# WHAT THE EXERCISE ASKS:
These records contain pictures, which must be left out; copy exactly the lines from the one with "J Aton Preowned" up to and including the one with "surface pro surface".

##### THE DATA

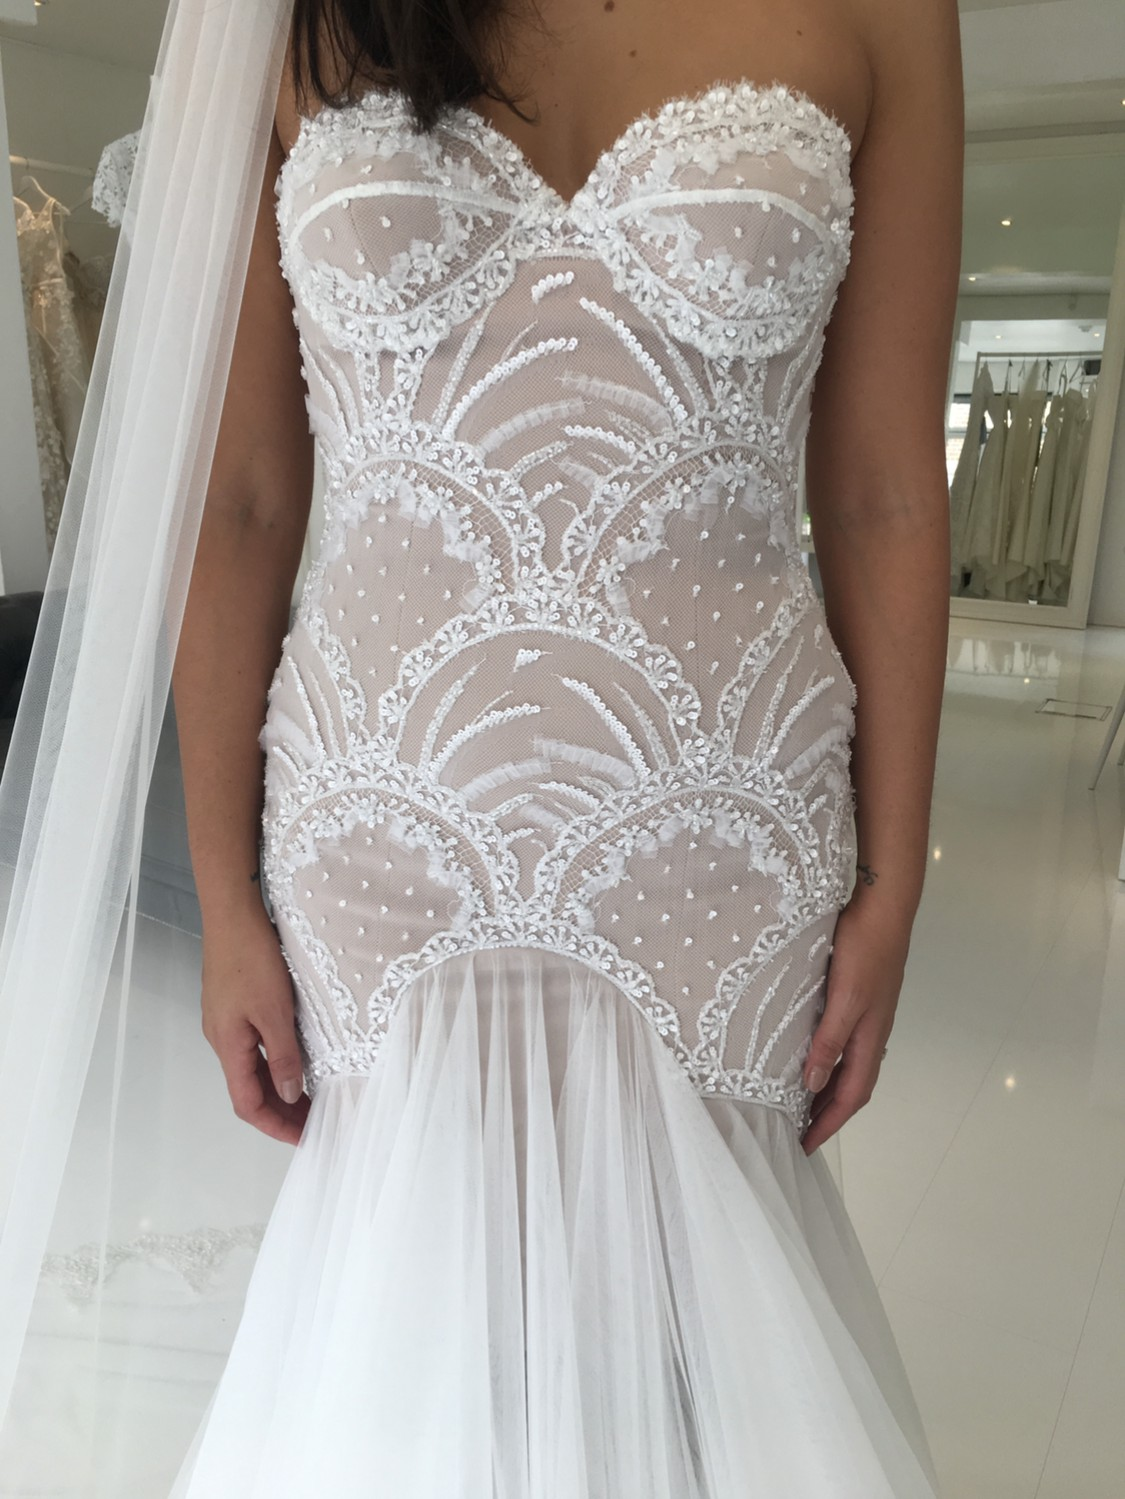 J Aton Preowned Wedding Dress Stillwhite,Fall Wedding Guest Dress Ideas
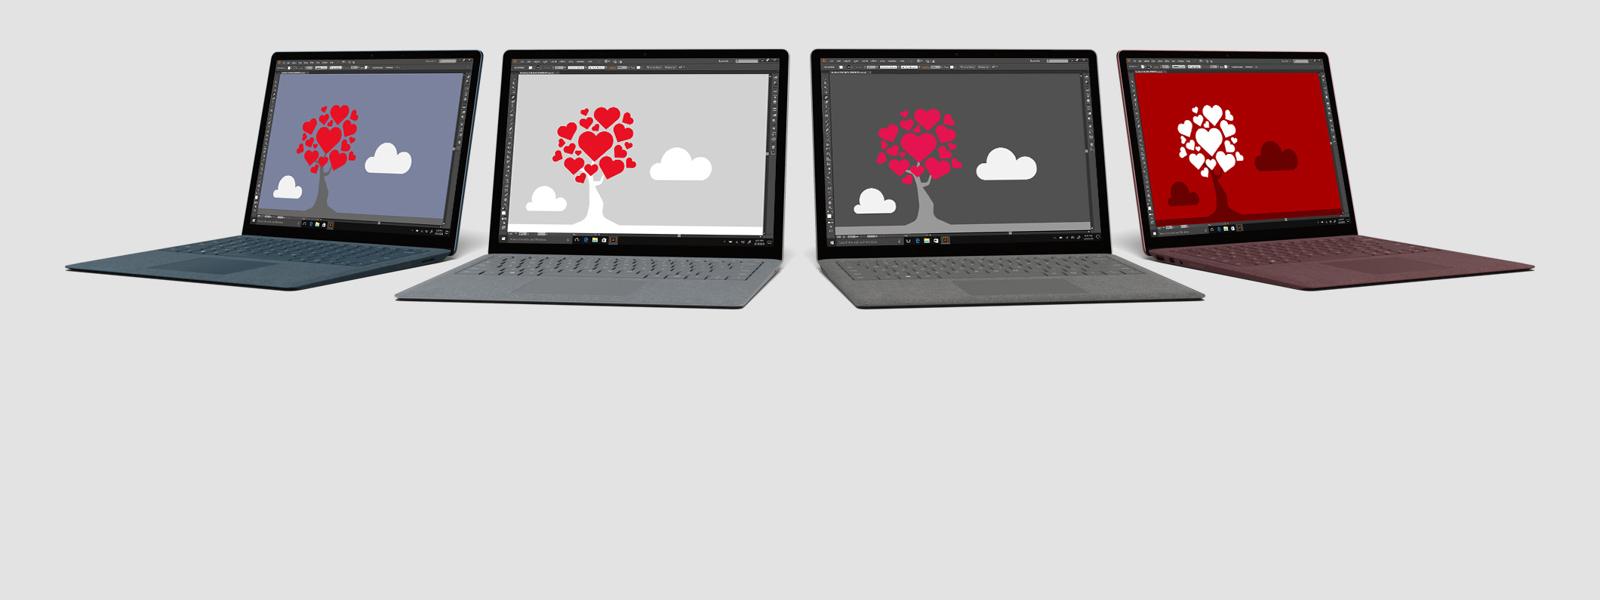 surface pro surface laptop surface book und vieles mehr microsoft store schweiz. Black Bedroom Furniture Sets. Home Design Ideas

##########
##### THE DATA

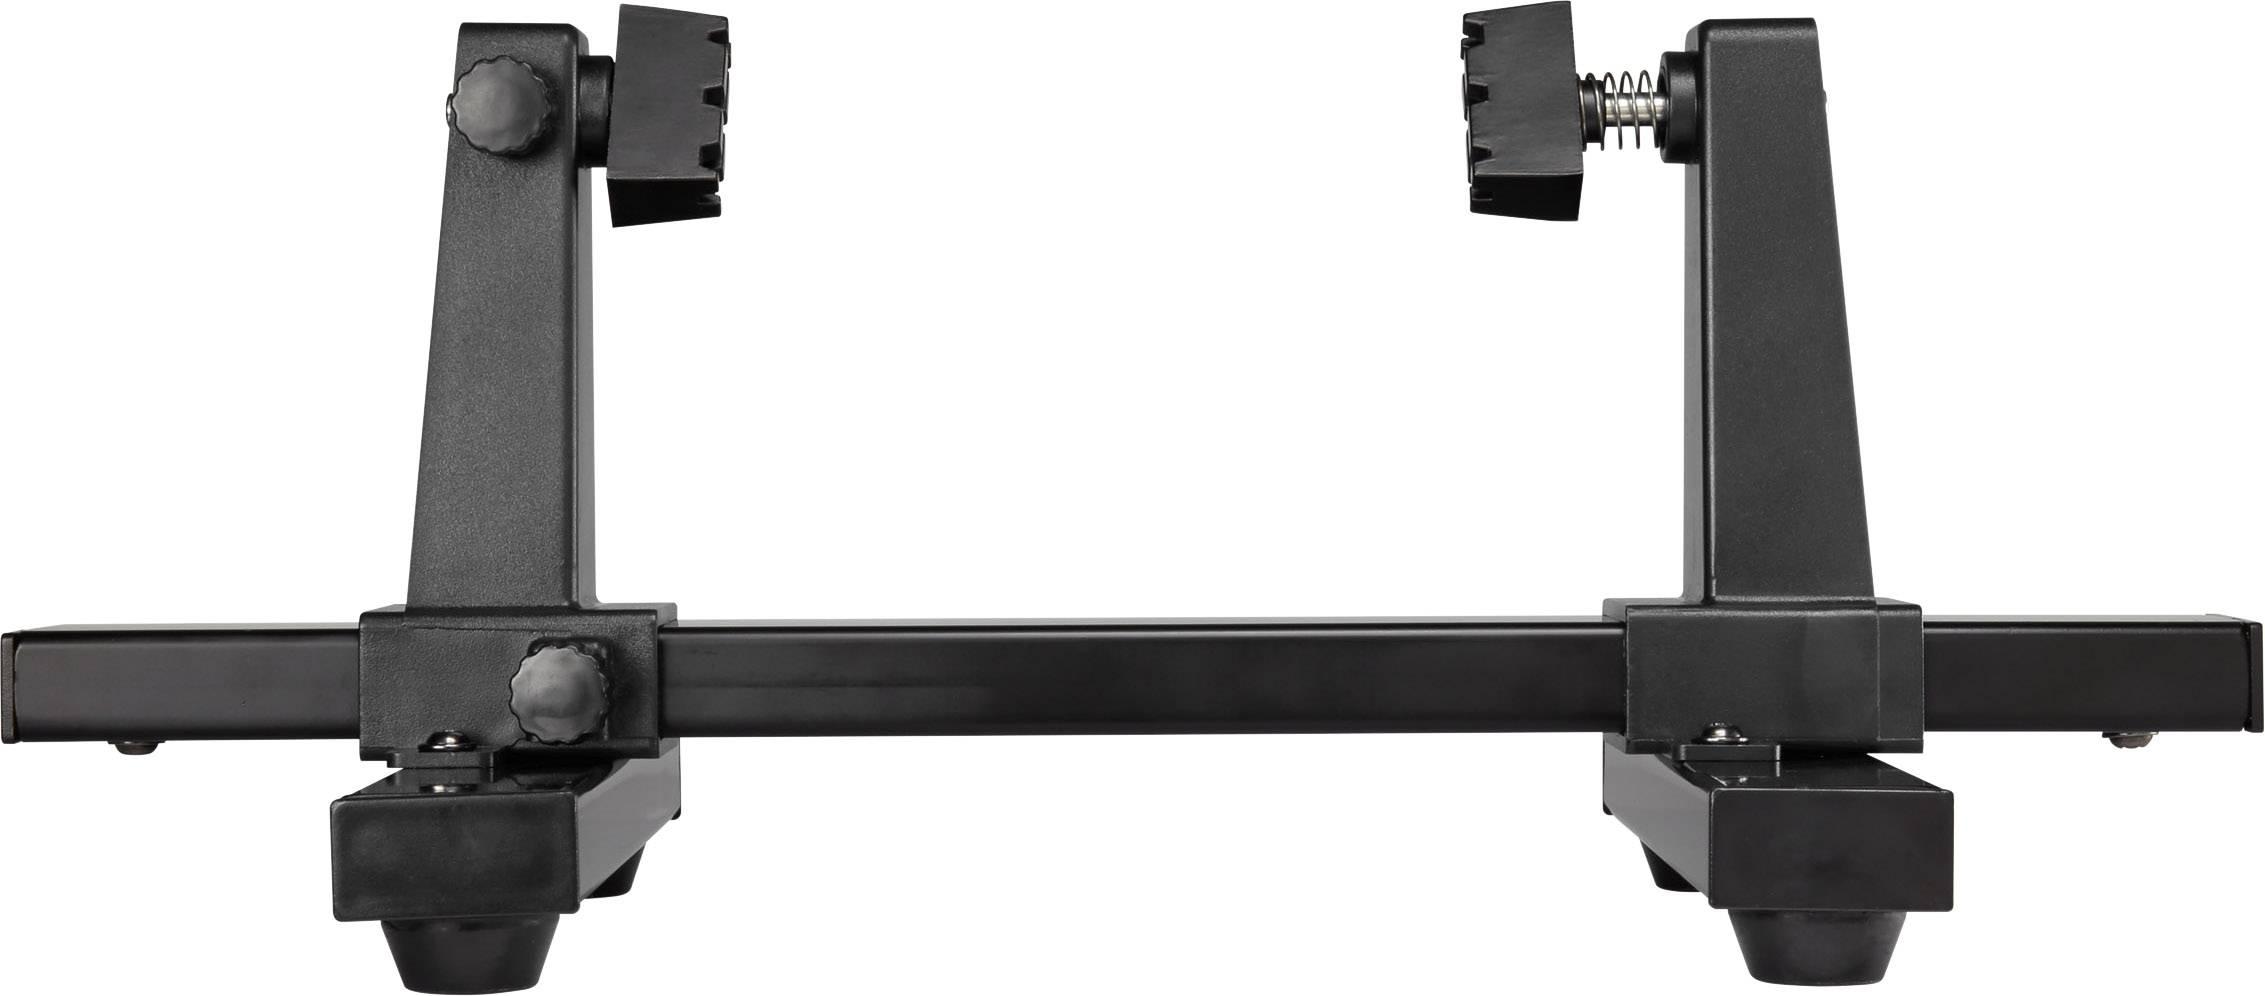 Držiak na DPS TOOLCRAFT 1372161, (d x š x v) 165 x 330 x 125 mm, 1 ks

##########
##### THE DATA

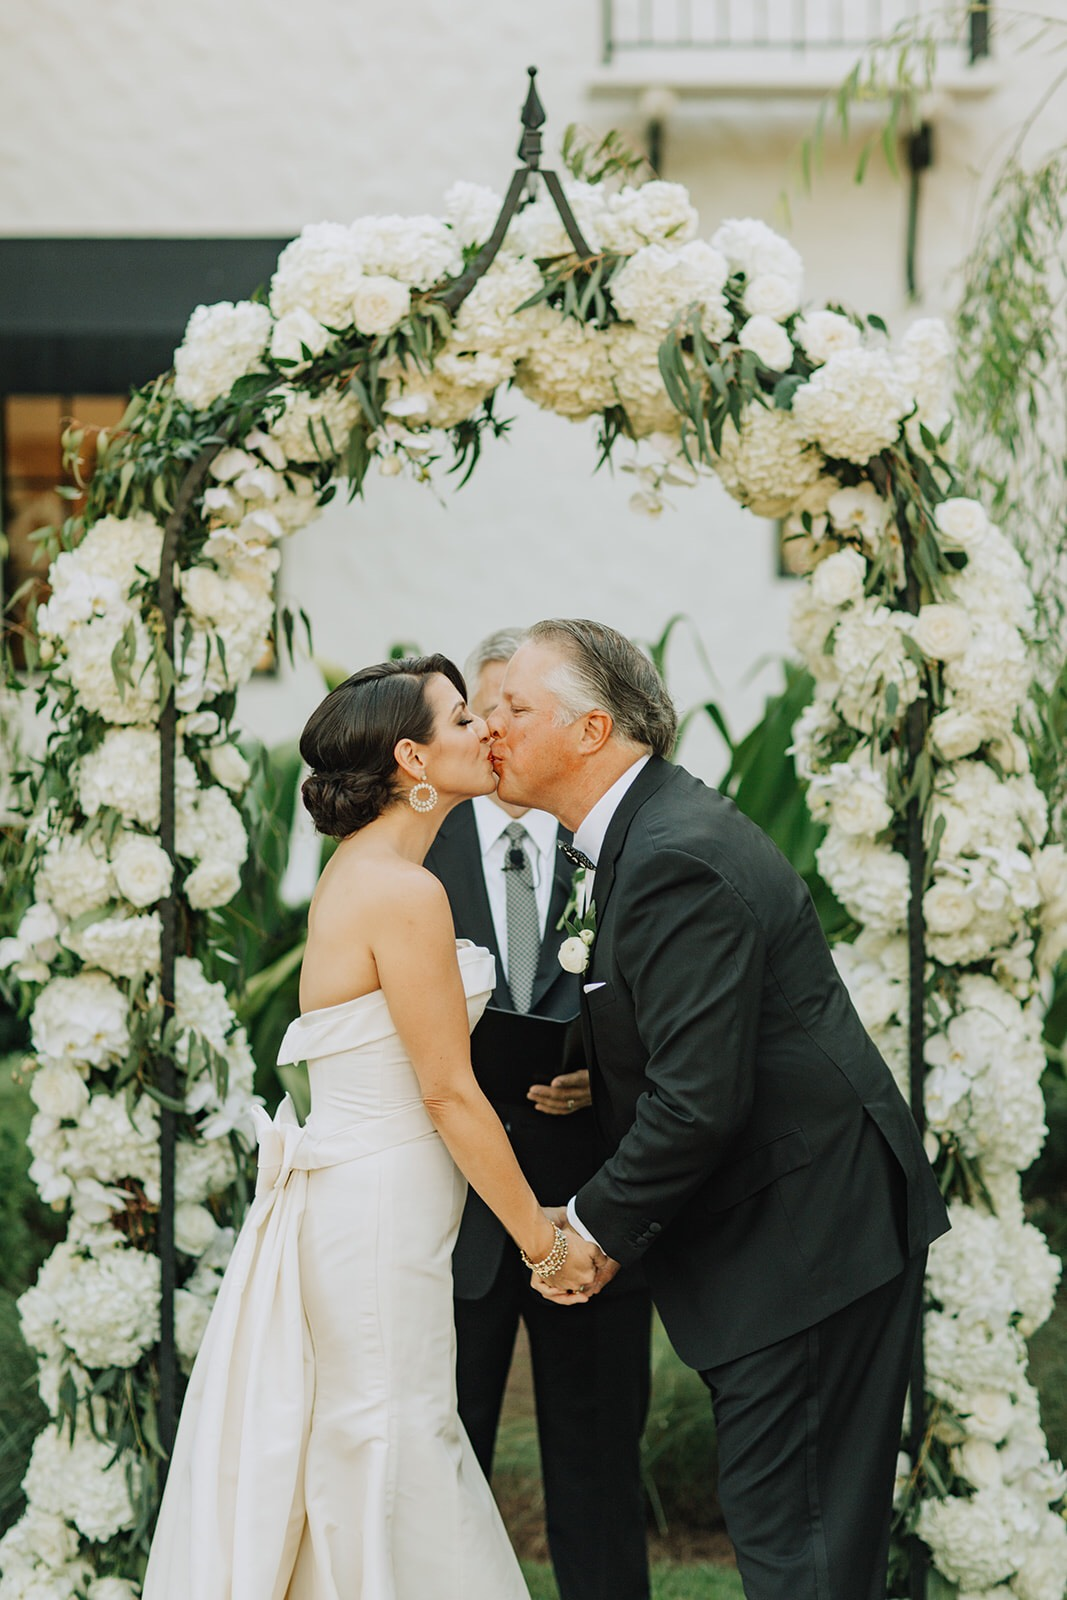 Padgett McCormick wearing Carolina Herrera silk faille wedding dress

##########

# EXERCISE RESULT:
 J Aton Preowned Wedding Dress Stillwhite,Fall Wedding Guest Dress Ideas
 surface pro surface laptop surface book und vieles mehr microsoft store schweiz. Black Bedroom Furniture Sets. Home Design Ideas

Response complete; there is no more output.